* **EXERCISE REQUIREMENTS**:
The entire listing, reproduced exactly and stripped of images, is the expected output.

* **DATA SEGMENT**:
----------
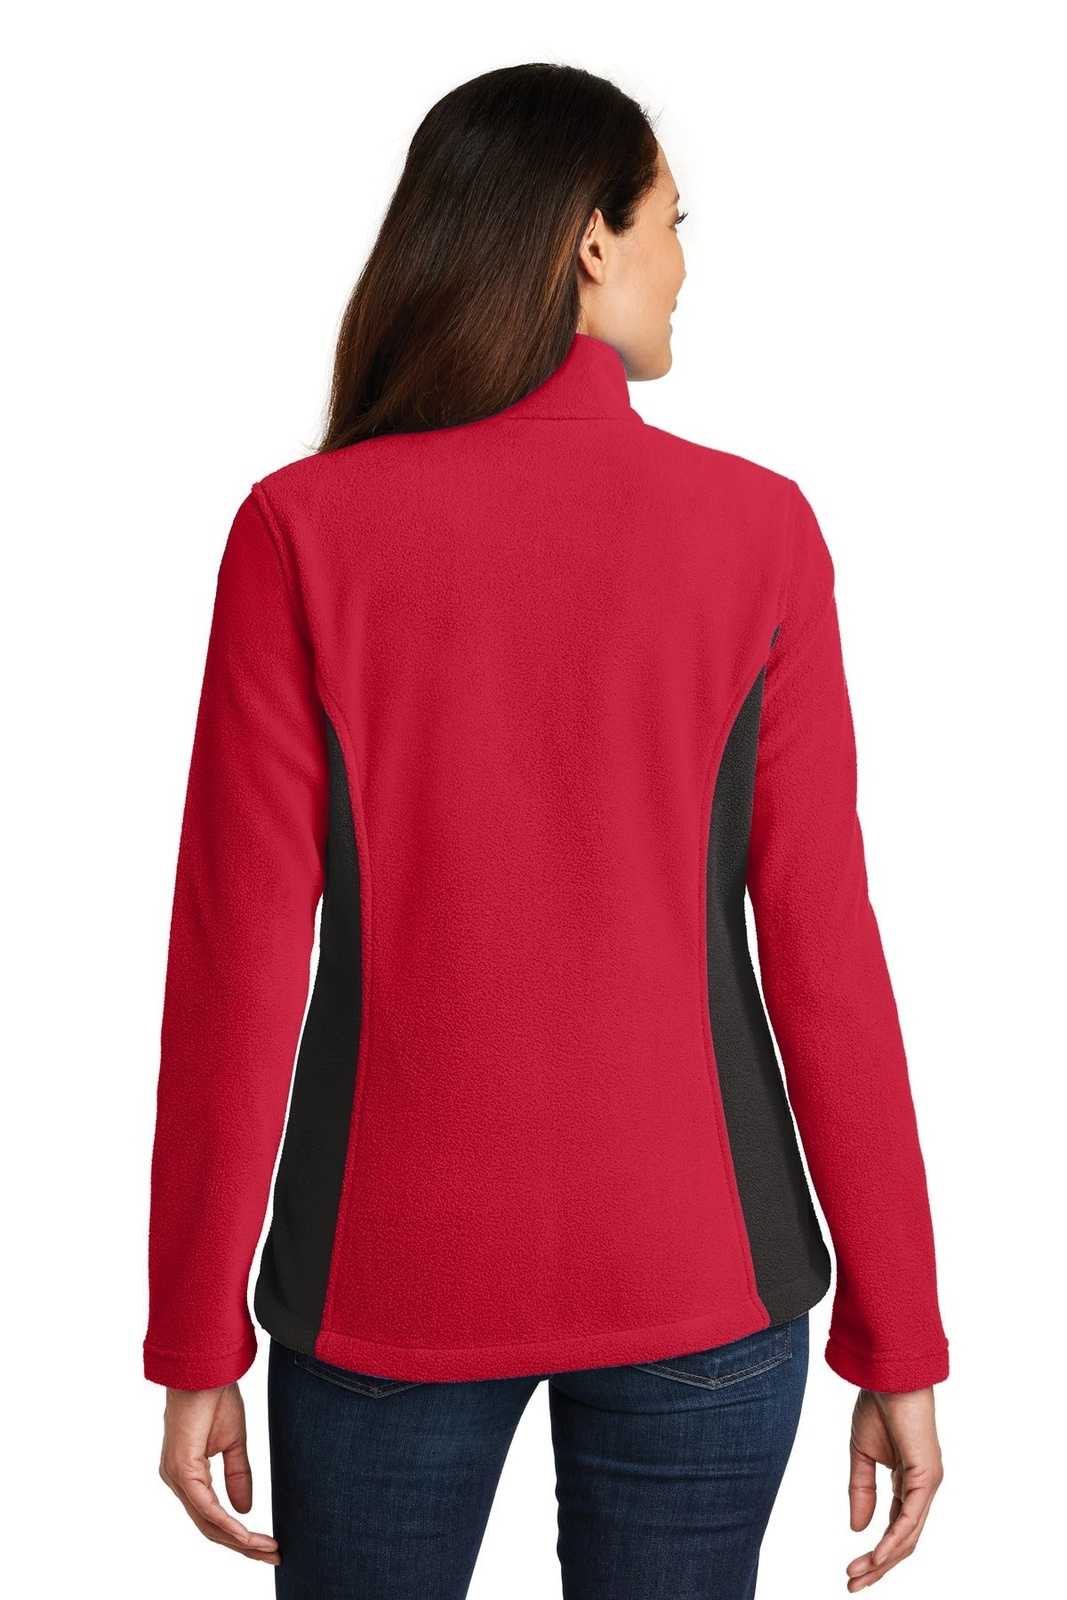 Port Authority L216 Ladies Colorblock Value Fleece Jacket - Rich Red Black - HIT a Double - 2
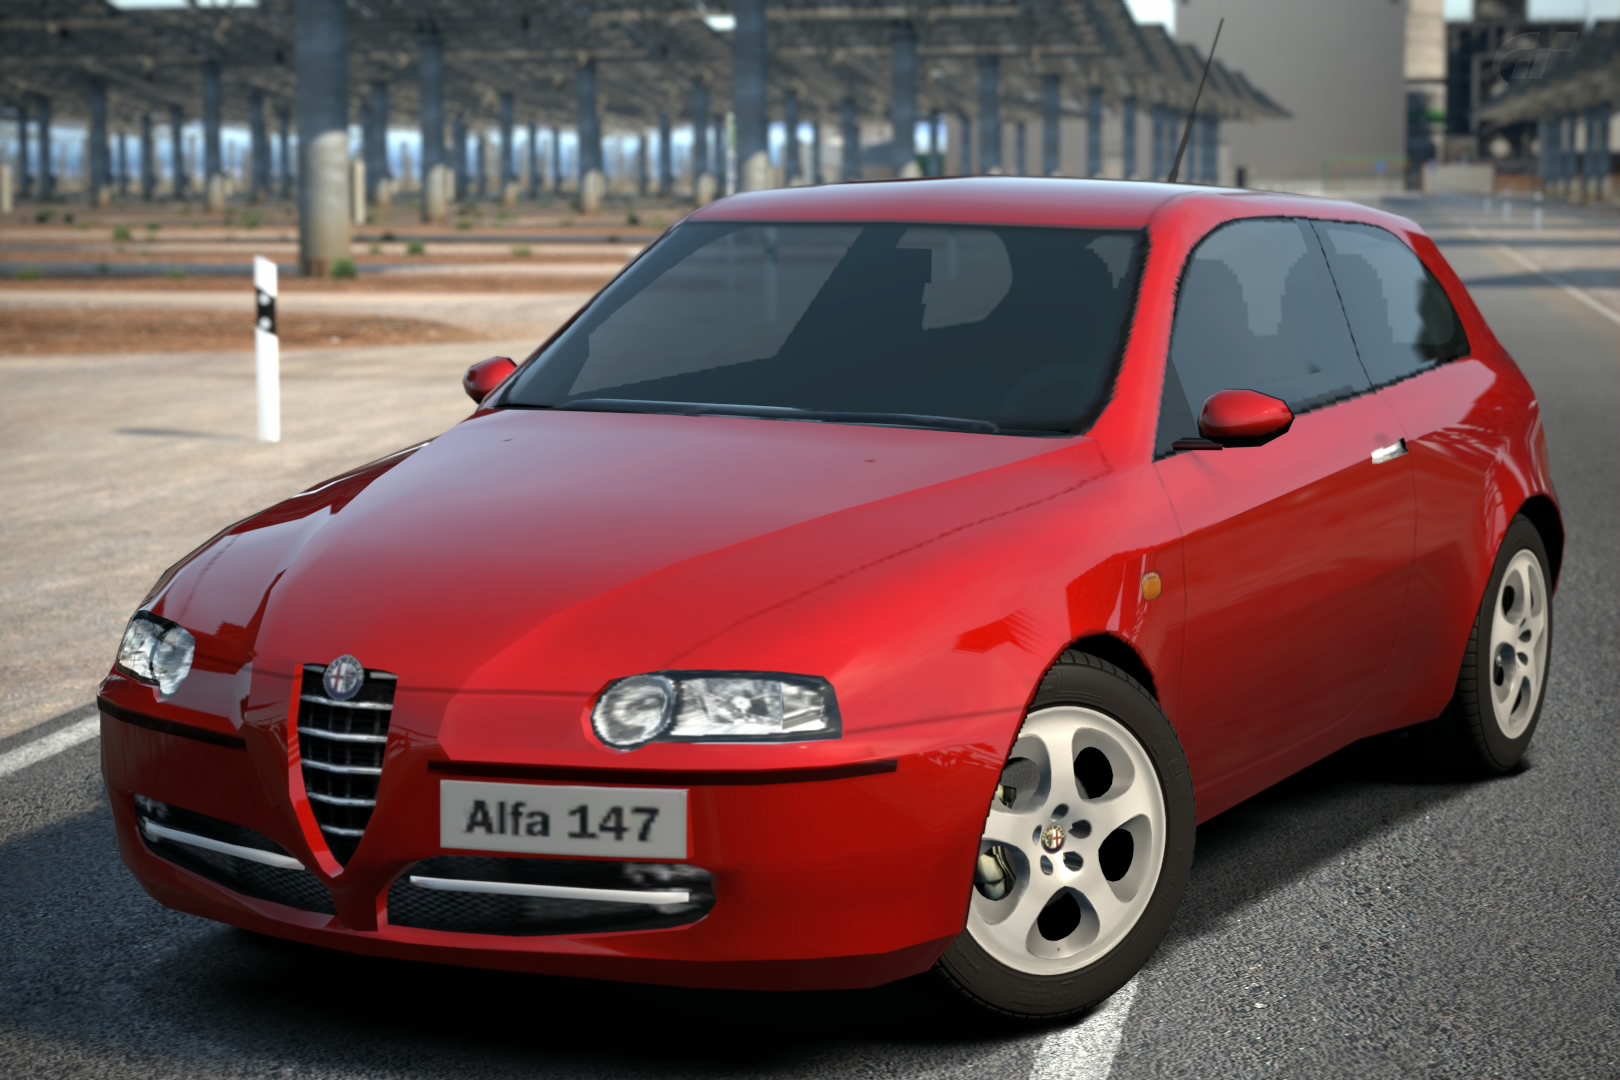 Alfa Romeo 147 2 0 Twin Spark 02 Gran Turismo Wiki Fandom
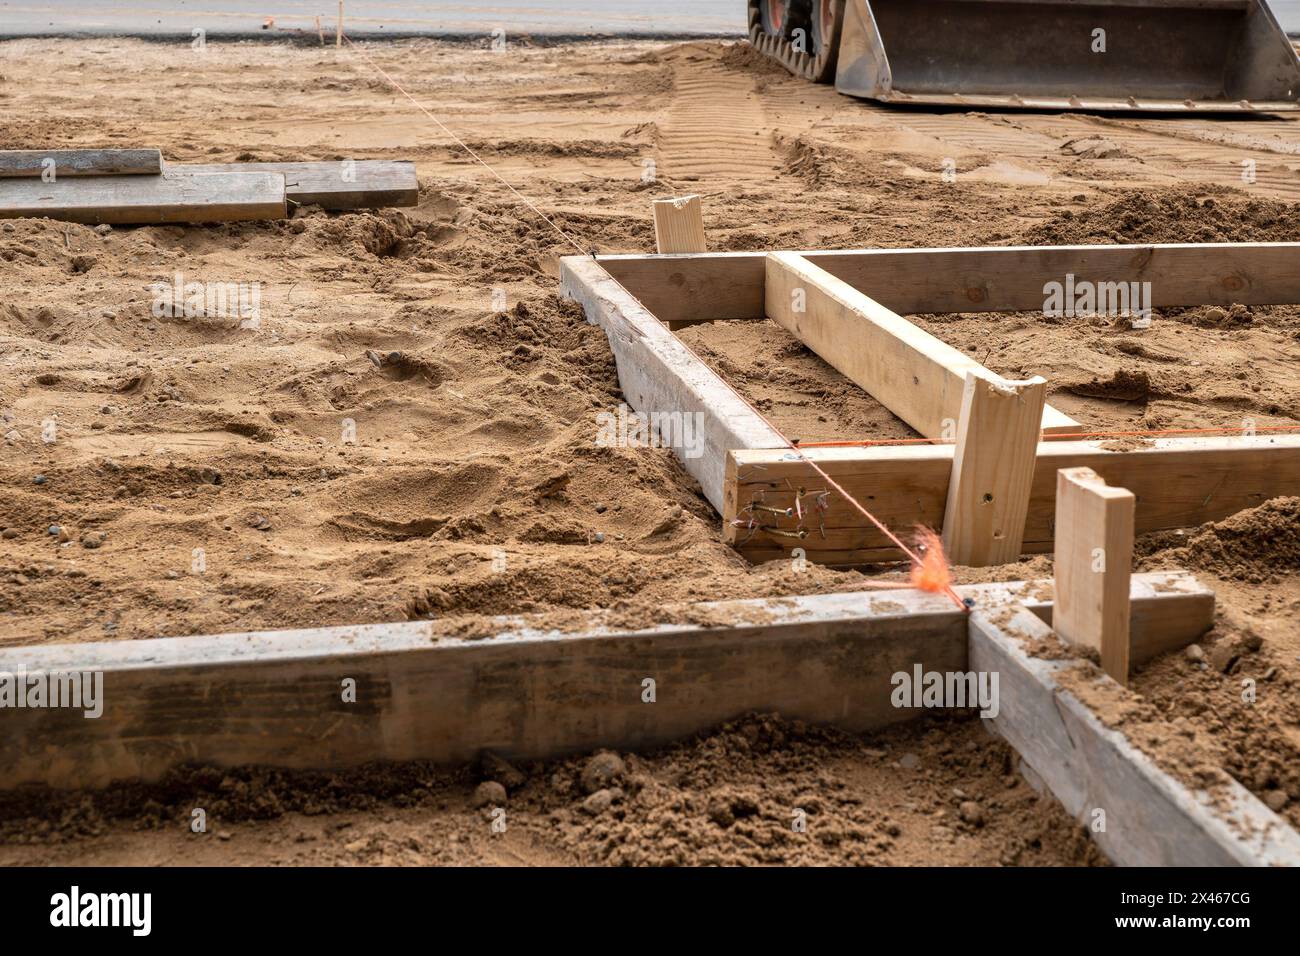 Eine Holzform zur Zementplatzierung im braunen Schmutz auf einer Baustelle. Zwei mal vier Bretter, Schnur, Schmutz und ein Frontlader. Stockfoto
----------
* **ANSWER BOX**:
 Port Authority L216 Ladies Colorblock Value Fleece Jacket - Rich Red Black - HIT a Double - 2
 Alfa Romeo 147 2 0 Twin Spark 02 Gran Turismo Wiki Fandom
 Eine Holzform zur Zementplatzierung im braunen Schmutz auf einer Baustelle. Zwei mal vier Bretter, Schnur, Schmutz und ein Frontlader. Stockfoto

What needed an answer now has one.